Figure 4. Identification of the Pat1b-binding domain in Rck. (A) Schematic representation of human Rck with its helicase motifs in the N-terminal (green) and C-terminal RecA-like domain (beige). (B) HEK293 cells were transiently transfected with HA-Pat1b together with YFP, YFP-tagged full-length Rck (1–483) or Rck fragments 1–300 and 301–483. After 1 d, cytoplasmic lysates (input) were prepared for immunoprecipitation (IP) with HA antibody. The YFP- and HA-tagged proteins were detected by western blotting.

Figure 5. Identification of the Pat1b-binding site in Rck. (A) Based on the crystal structure of the C-terminal RecA-like domain of human Rck by Tritschler et al. (2009, see ref. 32), surface-exposed residues were highlighted according to their negative (blue) or positive charge (yellow). Patches of positively charged amino acids were mutated to alanine in the m1-5 mutants, as indicated. (B) HEK293 cells were transiently transfected with YFP or YFP-Pat1b together with HA-tagged Rck, either wt or mutants m1-5. After 1 d, cytoplasmic lysates (input) were prepared for IP with GFP-binder. The YFP- and HA-tagged proteins were detected by western blotting. (C) HEK293 cells were transiently transfected with YFP, YFP-tagged wt Rck or the corresponding mutants m1-m5. After 1 d, cytoplasmic lysates (input) were prepared for IP with GFP-binder. The YFP-tagged proteins were detected by western blotting along with endogenous Pat1b. (D) The same IP was performed followed by detection of endogenous Dcp2 and Edc3 by western blot analysis. (E) HEK293 cells were transiently transfected with YFP, YFP-Rck or YFP-Rck-m4. After 1 d, cytoplasmic lysates (input) were prepared for IP with GFP-binder. The YFP-tagged proteins were detected by western blotting along with endogenous Ago2 and TNRC6A.

Figure 6. Rck requires Pat1b-binding for P-body localization. (A) Localization of YFP-Rck (green) was determined in transiently transfected HeLa cells by immunofluorescence microscopy as described for Figure 2B. P-bodies were counterstained in red using an antibody that crossreacts with Hedls in the cytoplasm.

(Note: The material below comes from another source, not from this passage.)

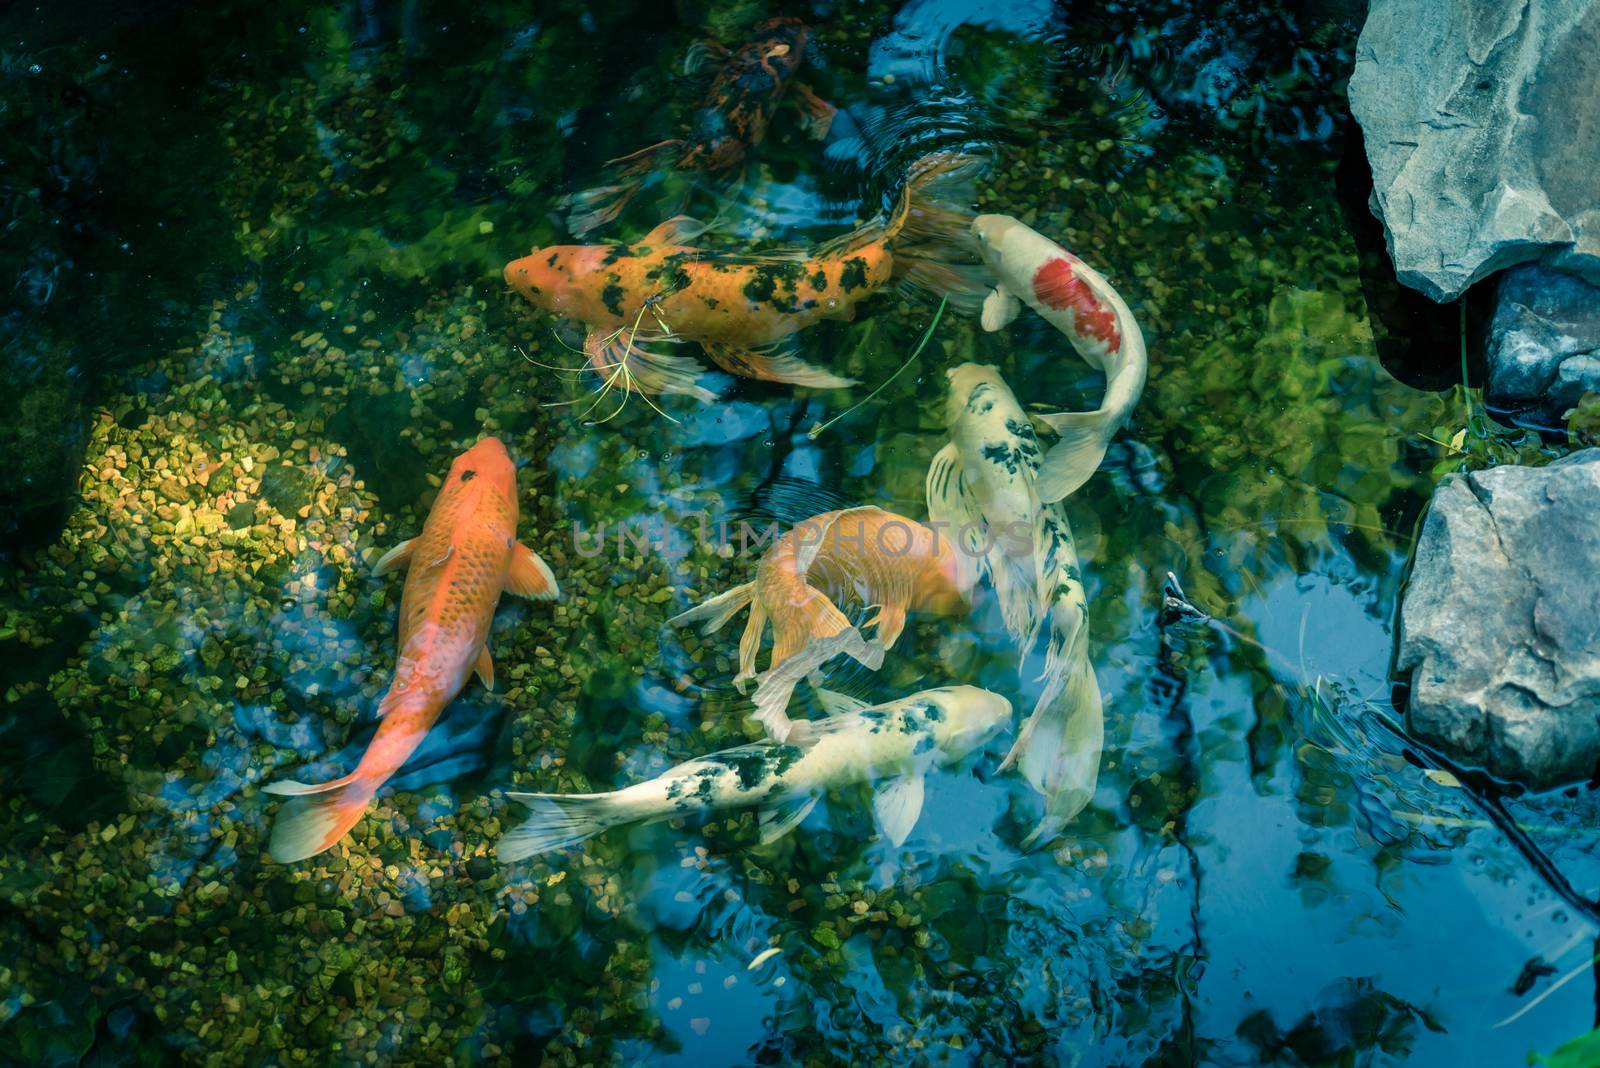 Top view shallow pond with landscape rocks and colorful koi fishes swimming at botanical garden near Dallas, Texas, America

Images were acquired by spinning disc confocal microscopy at 60x magnification, maximum projections of z-stacks are depicted. Merged pictures are shown in the panel on the right side. The circles delineate cells expressing YFP-Rck; size bar, 10 µm. (B) Localization of YFP-Rck-m4 was determined as in (A). (C) Quantification shows the percentage of transfected cells in which YFP-Rck or YFP-Rck-m4 is localized in P-bodies. Average percentages ± SD from n = three repeat experiments are depicted, > 100 cells were assessed in each experiment.

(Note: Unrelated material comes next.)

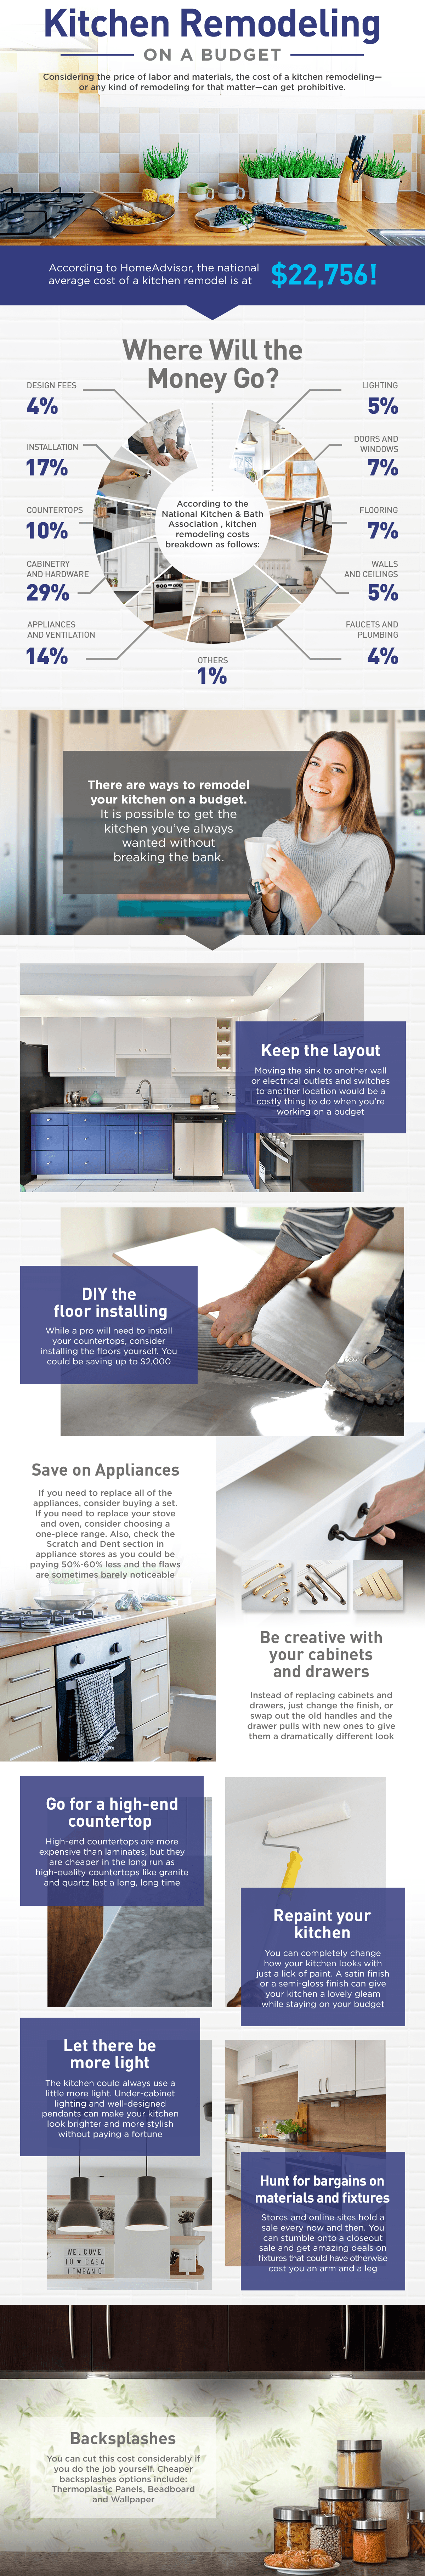 kitchen remodeling on a budget infographic

Figure 7. Rescue of P-bodies by Rck requires Pat1b-binding. (A) Rck was knocked down by transfection of siRNA R1 twice over a period of 4 d in HeLa cells. Western blot analysis shows expression of Rck along with 14-3-3 as loading control. (B) After transfection of control siRNA D0, YFP was expressed in HeLa cells and P-bodies were visualized by immunoflourescence microscopy as in Figure 2B. (C) After knockdown of Rck by siRNA R1, YFP was expressed in HeLa cells and P-bodies were visualized as in (B). (D) Quantification shows the percentage of transfected containing P-bodies. Average percentages ± SD from n = three repeat experiments are depicted, > 100 cells were assessed in each experiment. (E and F) After knockdown of Rck by siRNA R1, (E) YFP-Rck-R1r or (F) YFP-Rck-m4-R1r was expressed in HeLa cells and P-bodies were visualized as in (B) using an antibody that crossreacts with Hedls in the cytoplasm. R1r designates silent point mutations that render the Rck mRNA resistant to the R1 siRNA.

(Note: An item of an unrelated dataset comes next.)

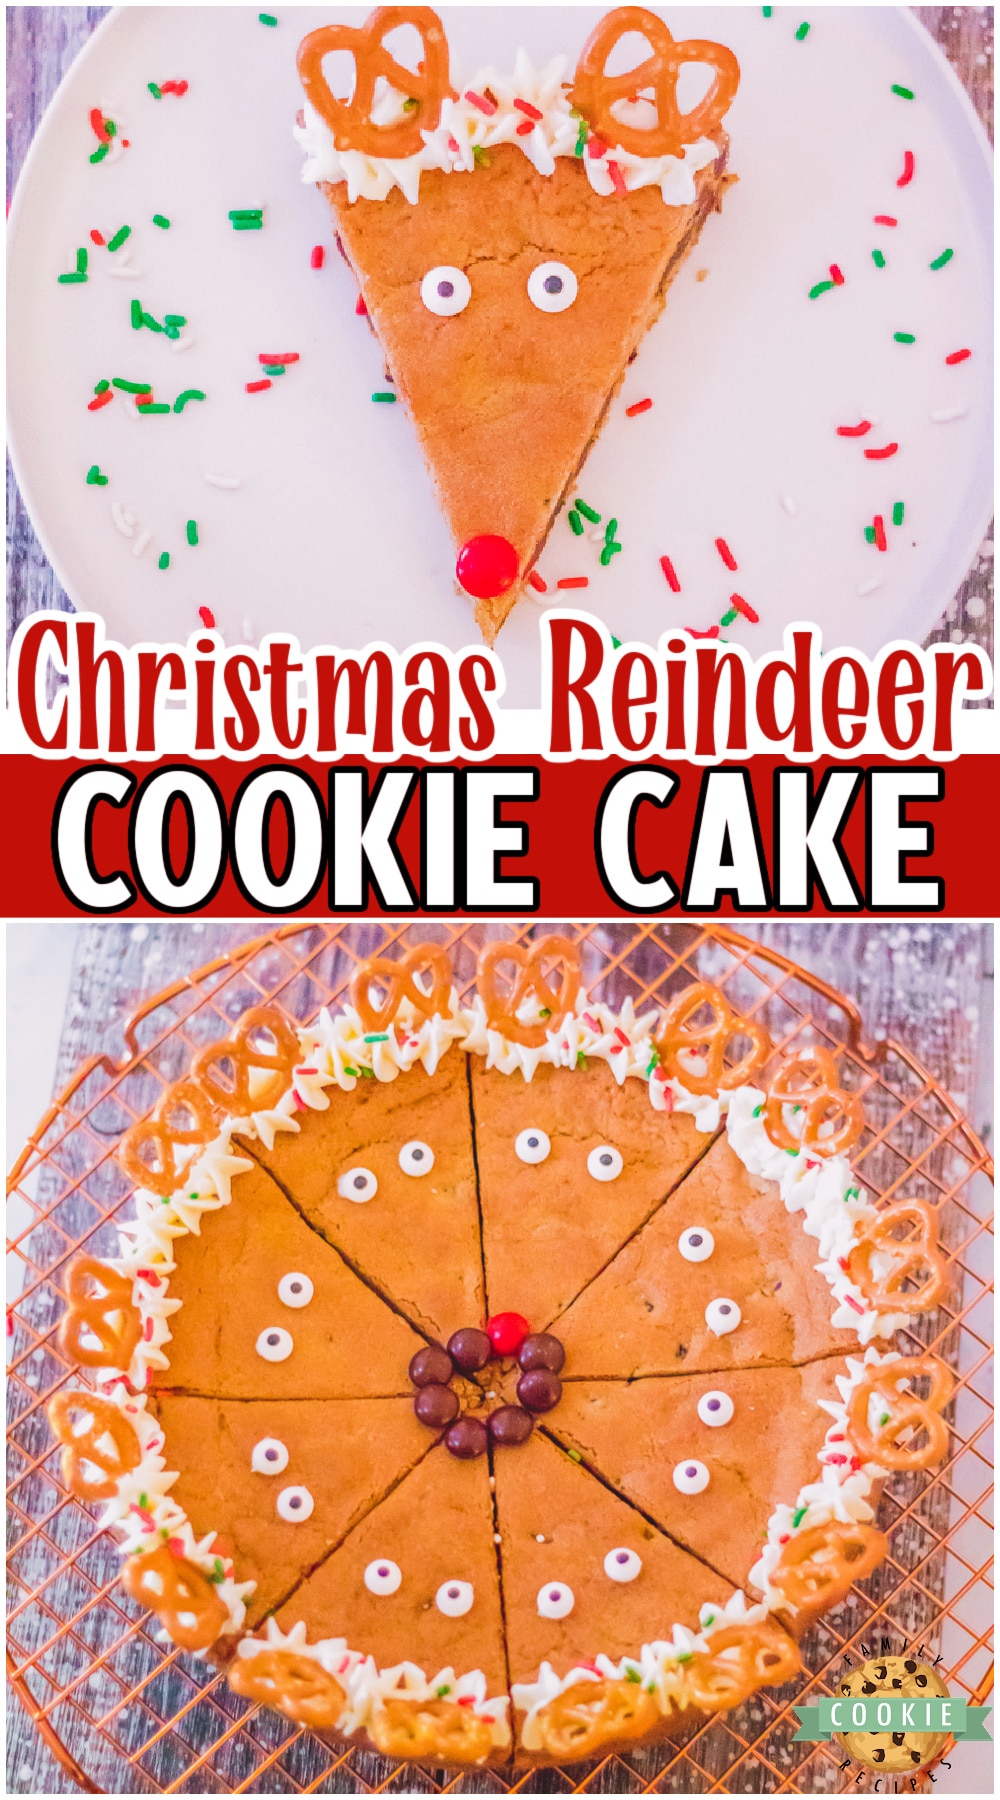 Christmas Reindeer Cookie Cake made with chocolate chip cookie dough & topped with simple candy to look like reindeer! Easy, festive holiday cookie cake that's Rudolph approved!

Figure 8. Model of step-wise P-body assembly by Rck and Pat1b, based on previously published data and this study. mRNAs are bound by Rck as an early step in translation suppression. Rck then associates through a positively charged patch on helix 11 of its C-terminal RecA-like domain with the conserved DxxND(D/E)TFG motif in the acidic, N-terminal domain of Pat1b. In turn, Pat1b triggers assembly of P-bodies through its aggregation-prone N-domain, and enhances mRNA decapping though its N- and C-domains.